Announcement

Collapse
No announcement yet.
X
  • Filter
  • Time
  • Show
Clear All
new posts

  • Month-specific incidence rates in STATA?

    Dear all,
    thanks in advance.

    I have a dataset of 900 patients followed for one year, organized into two departments (oncology, cardiology).
    Among these patients, I have information about their age, sex, admission_date, length_of_stay, discharge_date and mortality outcome at discharge (variable "outcome", which can have a value of 1 for deceased or 0 for alive).

    Is there a way in STATA to calculate month-specific incidence rates? For example: the number of deaths in March divided by person-days in March.

    I'm unsure if there's a way to account for the fact that some patients have admission days spread across multiple months.

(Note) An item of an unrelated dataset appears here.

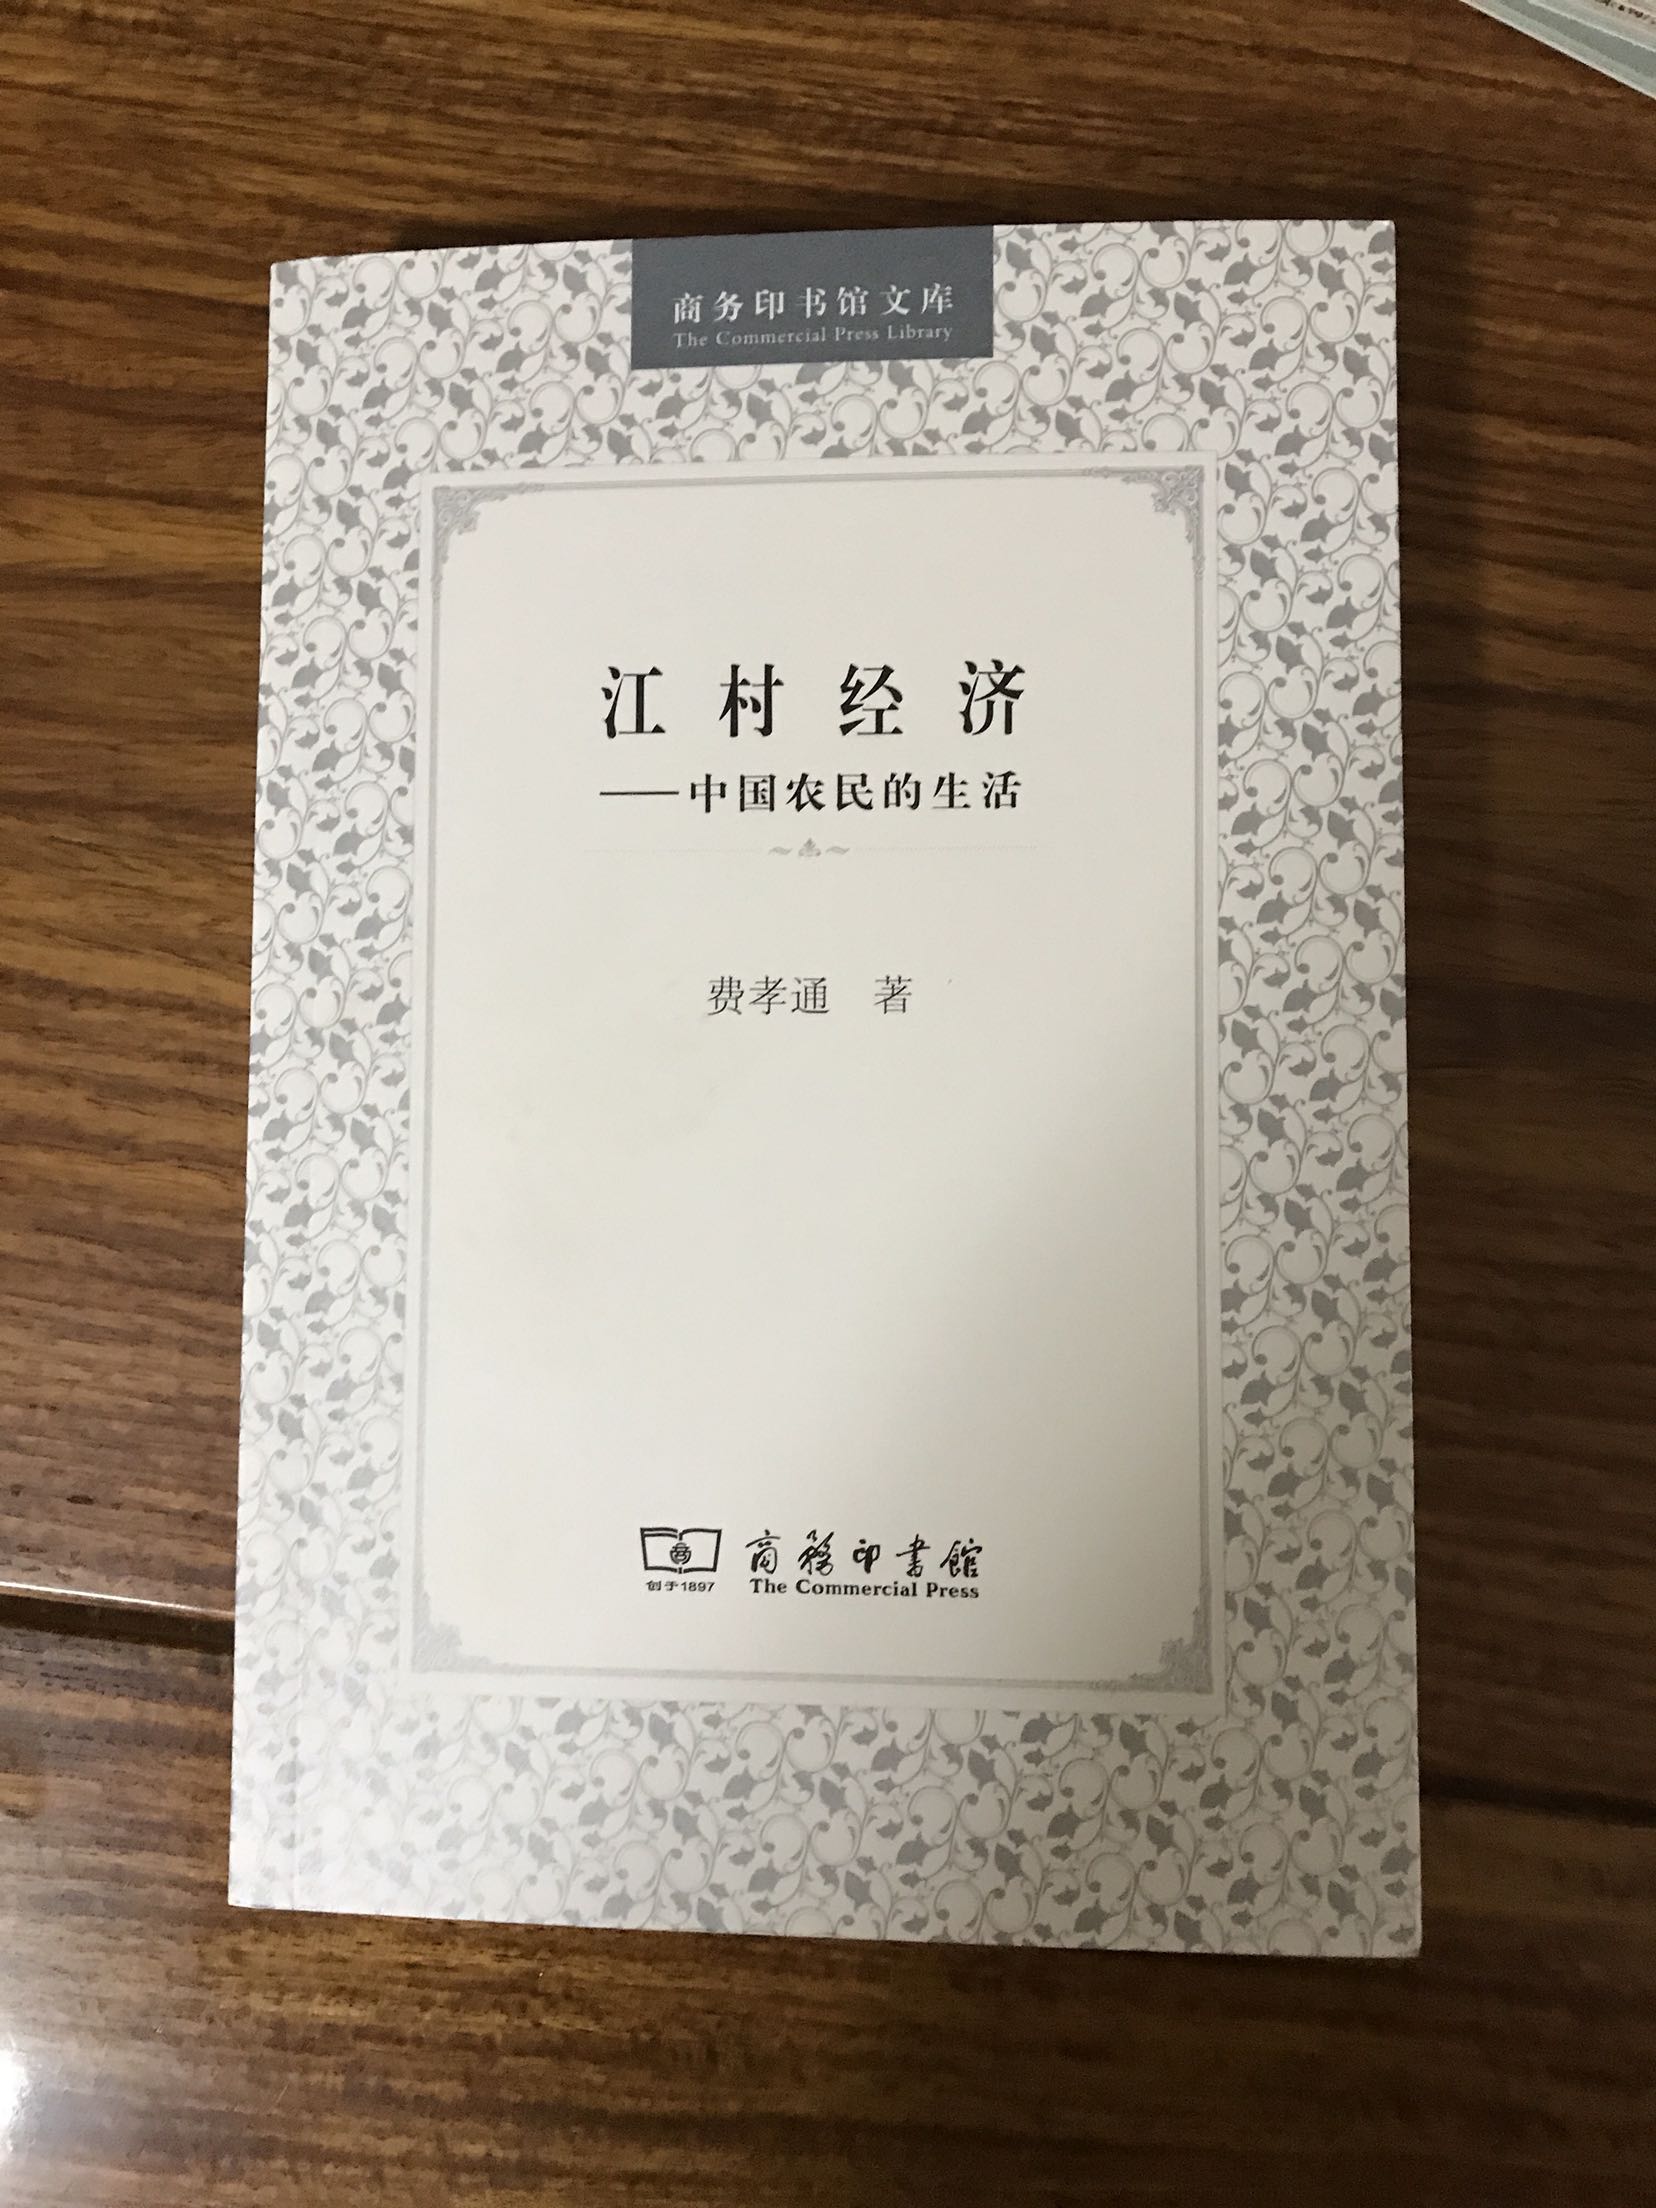 要想了解国人就去看“江村经济”，非常好地解读了中国的国民性问题。

    Some time ago, if I remember correctly, I had used stpstime, but I was in a slightly different situation, and this command doesn't seem appropriate now.

    Code:
    * Example generated by -dataex-. For more info, type help dataex
    clear
    input float(id age sex admission_date length_of_stay discharge_date outcome) str10 department
     1 54.61835 0 23364 17.857428  23381.86 1 "cardiology"
     2 45.71597 0 23331 14.076464 23345.076 0 "oncology"  
     3  58.9018 0 23027  7.090492  23034.09 0 "oncology"  
     4 58.87616 0 23184  17.30037   23201.3 0 "oncology"  
     5 63.64021 0 23240  21.30667 23261.307 1 "cardiology"
     6 57.74791 0 23065 25.892675  23090.89 0 "cardiology"
     7 70.58585 1 23278 13.036489  23291.04 1 "oncology"  
     8 53.71004 1 23060 35.847523  23095.85 0 "cardiology"
     9 58.72459 0 23030  22.15348 23052.154 1 "oncology"  
    10 39.22841 1 23078  19.79576 23097.795 0 "cardiology"
    end

  • #2
    Code:
    gen start_month = mofd(admission_date)
    gen end_month = mofd(discharge_date)
    expand end_month-start_month + 1
    by id, sort: gen mdate = dofm(start_month + _n - 1)
    format *month %tm
    format mdate %td
    
    gen admitted_days = min(floor(discharge_date), lastdayofmonth(mdate)) ///
        - max(admission_date, firstdayofmonth(mdate))
    by id (mdate), sort: replace outcome = 0 if _n < _N // CAN ONLY DIE IN LAST MONTH
        
    collapse (sum) admitted_days outcome, by(department mdate)
    gen admitted_months = admitted_days/daysinmonth(mdate)
    gen monthly_mortality_rate = outcome/admitted_months
    You don't say as much, but I have assumed you want the rates separately by department. If that's not true, just remove mention of department from the -by()- option of the -collapse- command. Similarly, if you want sex-specific mortality rates, add sex to the -by() option of the -collapse- command.

    Comment


    • #3
      Dear Clyde Schechter

      Thanks as always for your invaluable help.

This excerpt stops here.